INFORMATION PROVIDED:
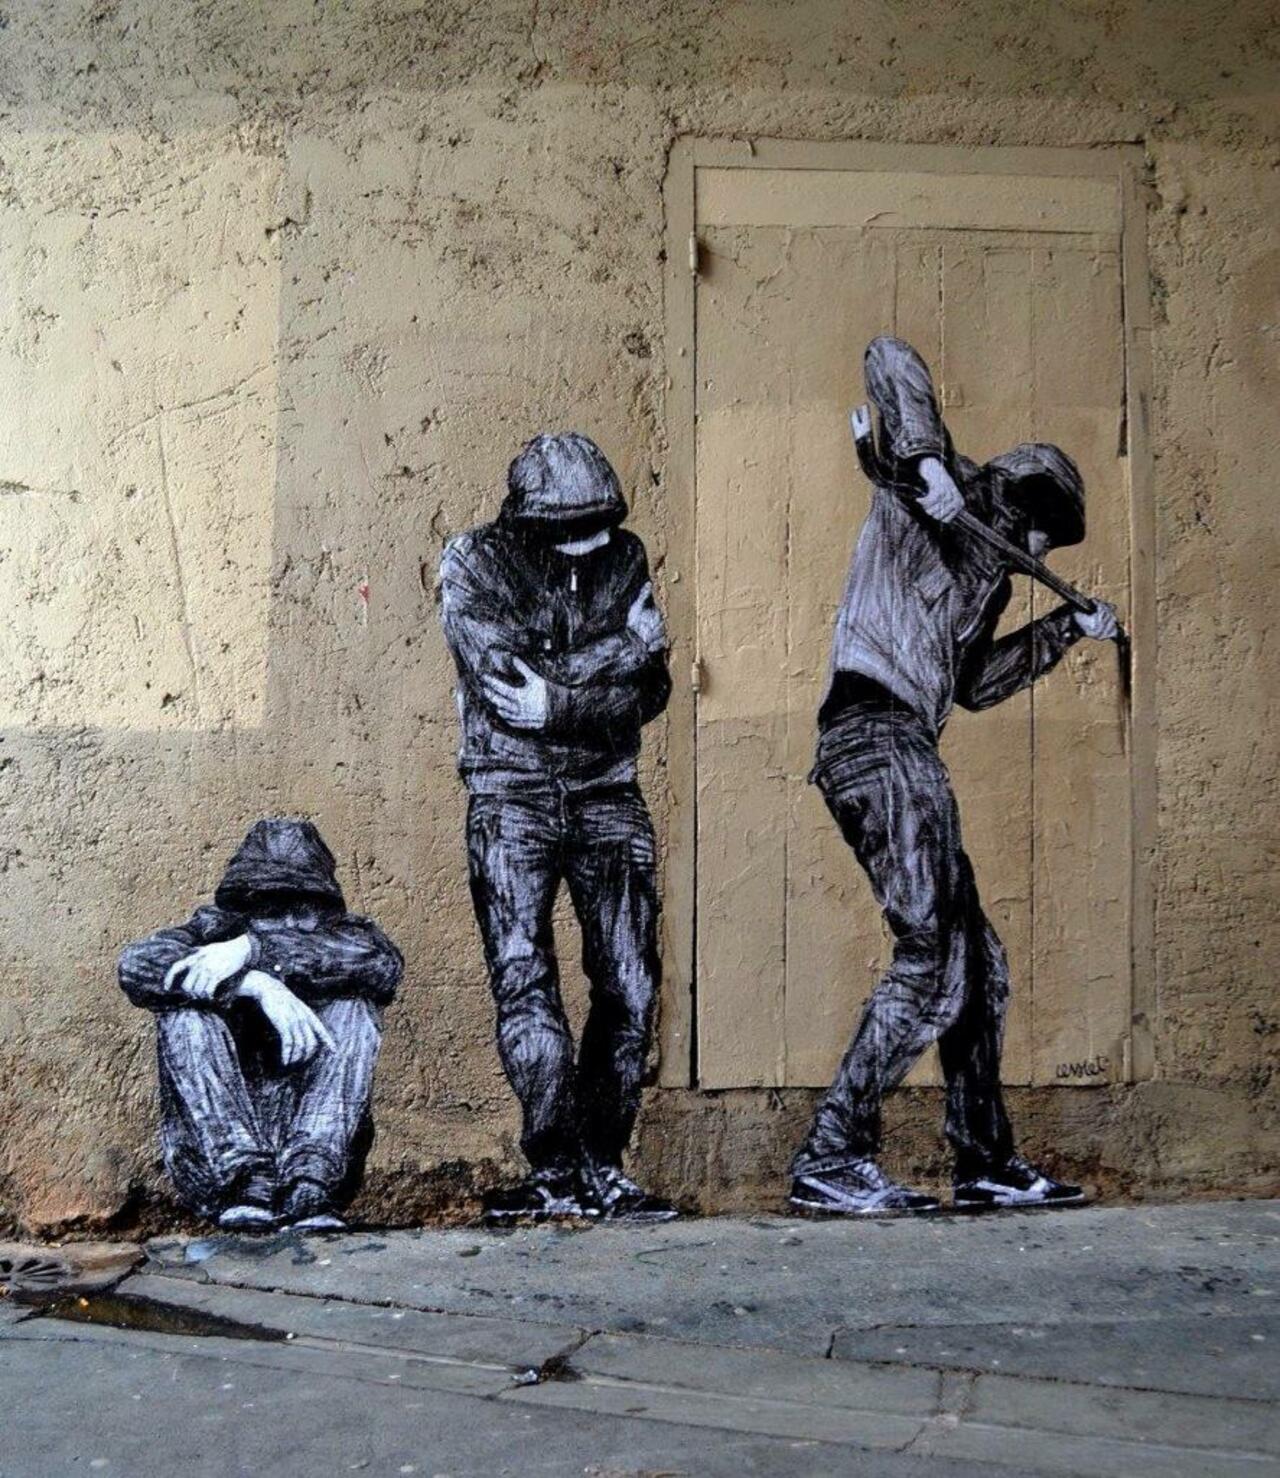 New Street Art by Levalet 
Portes ouvertes - Paris X

#art #arte #graffiti #streetart http://t.co/7Ew96g3fVH

ASSIGNED TASK: Repeat the listing exactly, pictures excluded.

RESPONSE TO THE EXERCISE:
 New Street Art by Levalet 
Portes ouvertes - Paris X

#art #arte #graffiti #streetart http://t.co/7Ew96g3fVH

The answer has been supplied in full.